Section 3 | The Solution

As we all know, in the last few years, we’ve made tremendous progress with AI systems. Generative AI in text, audio, image, and video generation, complex multi-step reasoning agents, and breakthroughs in AI-powered robotics, such as the Figure line of robots, are all rapidly changing the world for the better. Another area that is seeing significant improvement is Automatic Speech Recognition (ASR). OpenAI’s Whisper models, which are open-source, high-performant, and highly accurate transcription models, represent a major advancement in this field. These models have the potential to improve safety and clarity in industries that rely on clear and precise communication.

An accurate transcription model could provide a valuable tool and redundancy for both pilots and Air Traffic Controllers by continuously transcribing all voice communications in real-time. This system would create a log of previous exchanges, allowing quick review of past interactions without replacing standard communication protocols, such as using “Say again” to request a repeat. The transcription log would serve as a useful backup, especially in high-pressure or emergency situations, helping to mitigate issues like miscommunication, mishearing, or misremembering critical clearances and frequency changes. By incorporating ASR transcription systems, such as Whisper, in the cockpit, the aviation industry could reduce the risks associated with communication errors, enhancing overall safety and efficiency in coordination between pilots and Air Traffic Control.

Section 4 | Key Insights About Whisper

OpenAI Whisper models are built on a transformer architecture, which relies on a crucial mechanism known as multi-head attention. This attention mechanism is essential during both training and inference, allowing the model to focus not just on individual moments in the audio but also on the surrounding context. By analyzing how different parts of the audio relate to one another, Whisper can make more accurate predictions about what’s being said. As a result, the model tends to perform better on longer audio clips, which provide more contextual information, compared to shorter clips that lack such depth.

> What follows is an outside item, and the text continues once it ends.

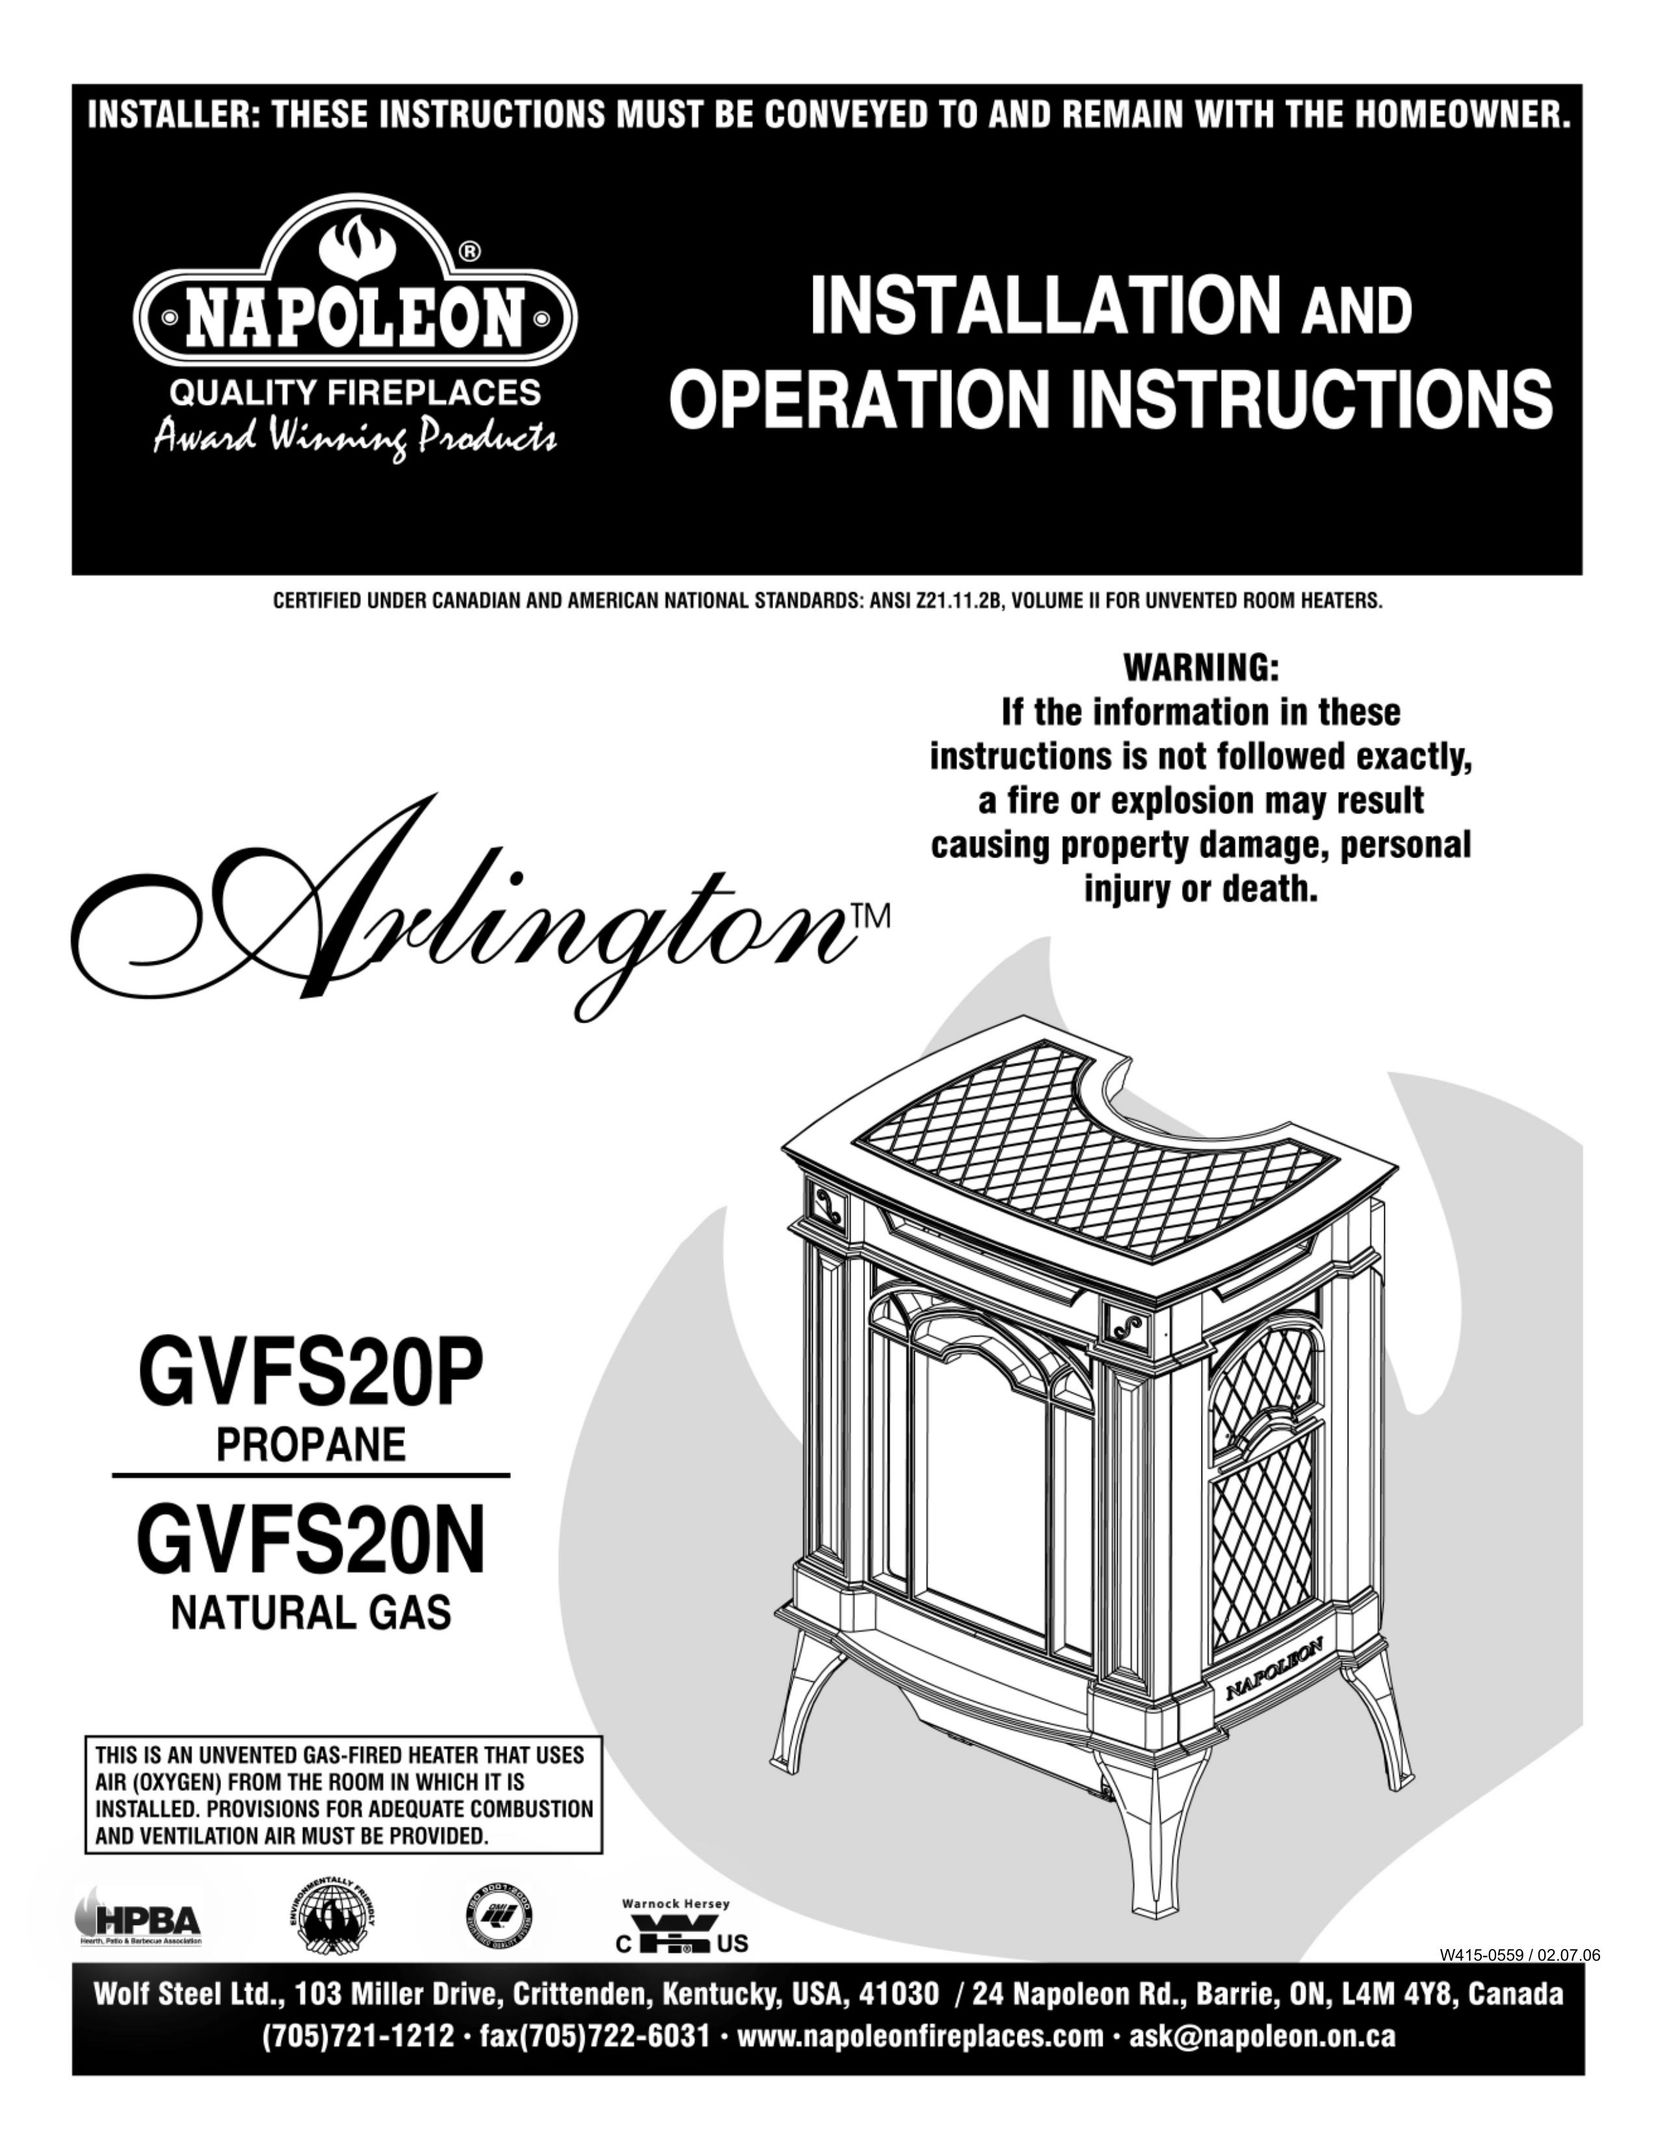 Napoleon Fireplaces GVFS20N Water Heater User Manual

This becomes especially relevant when considering ATC communication. If you’ve ever listened to a clip of ATC communication on YouTube, what you’re really hearing is a recording from an external receiver tuned to pick up VHF signals. When you download such a clip from the internet, it’s easy to think of the “clip” as the duration of the recording itself, typically 4-5 minutes, with multiple transmissions. However, if we consider installing a transcription model in the cockpit, instead of viewing the frequency as an “infinite length recording” with no clear start or stop points, we could think of each transmission as its own distinct recording.

What I’ve found is that if you take a Whisper model fine-tuned on ATC data, and compare it against a default Whisper model of the same size, assuming the ATC clip you wish to transcribe is in English and relatively clear, both models perform similarly, with no statistically significant differences. However, clip length plays a major role. The default model will only perform comparably when processing a longer clip, like those commonly downloaded from YouTube. When dealing with an individual transmission, though, the performance of the default model plummets due to the way the attention mechanism favors longer audio sequences and penalizes shorter clips.

Of course, the fine-tuned Whisper model doesn’t escape this issue entirely, but it can be mitigated by the fine-tuning process, which specifically attunes the model to shorter, individual transmissions of aviation communication.

Section 5 | Fine-tuning Whisper medium.en on ATC Data

Section 5.1 | Creating the Custom Dataset

To fine-tune the Whisper medium.en model, I needed to create a custom dataset from available resources. After a bit of searching, I found a large, but paywalled dataset called ATCO2 (). This dataset is split into three main parts: a training set, a 4-hour test set, and a 1-hour test subset. Only the 1-hour test subset is freely available for download while getting access to the rest of the data would cost approximately $6600. Fortunately, a Hugging Face user, Juan Pablo Zuluaga, had already downloaded the test subset and made it available on the Hugging Face dataset hub (). This subset includes 871 audio-transcription pairs, which formed part of my dataset.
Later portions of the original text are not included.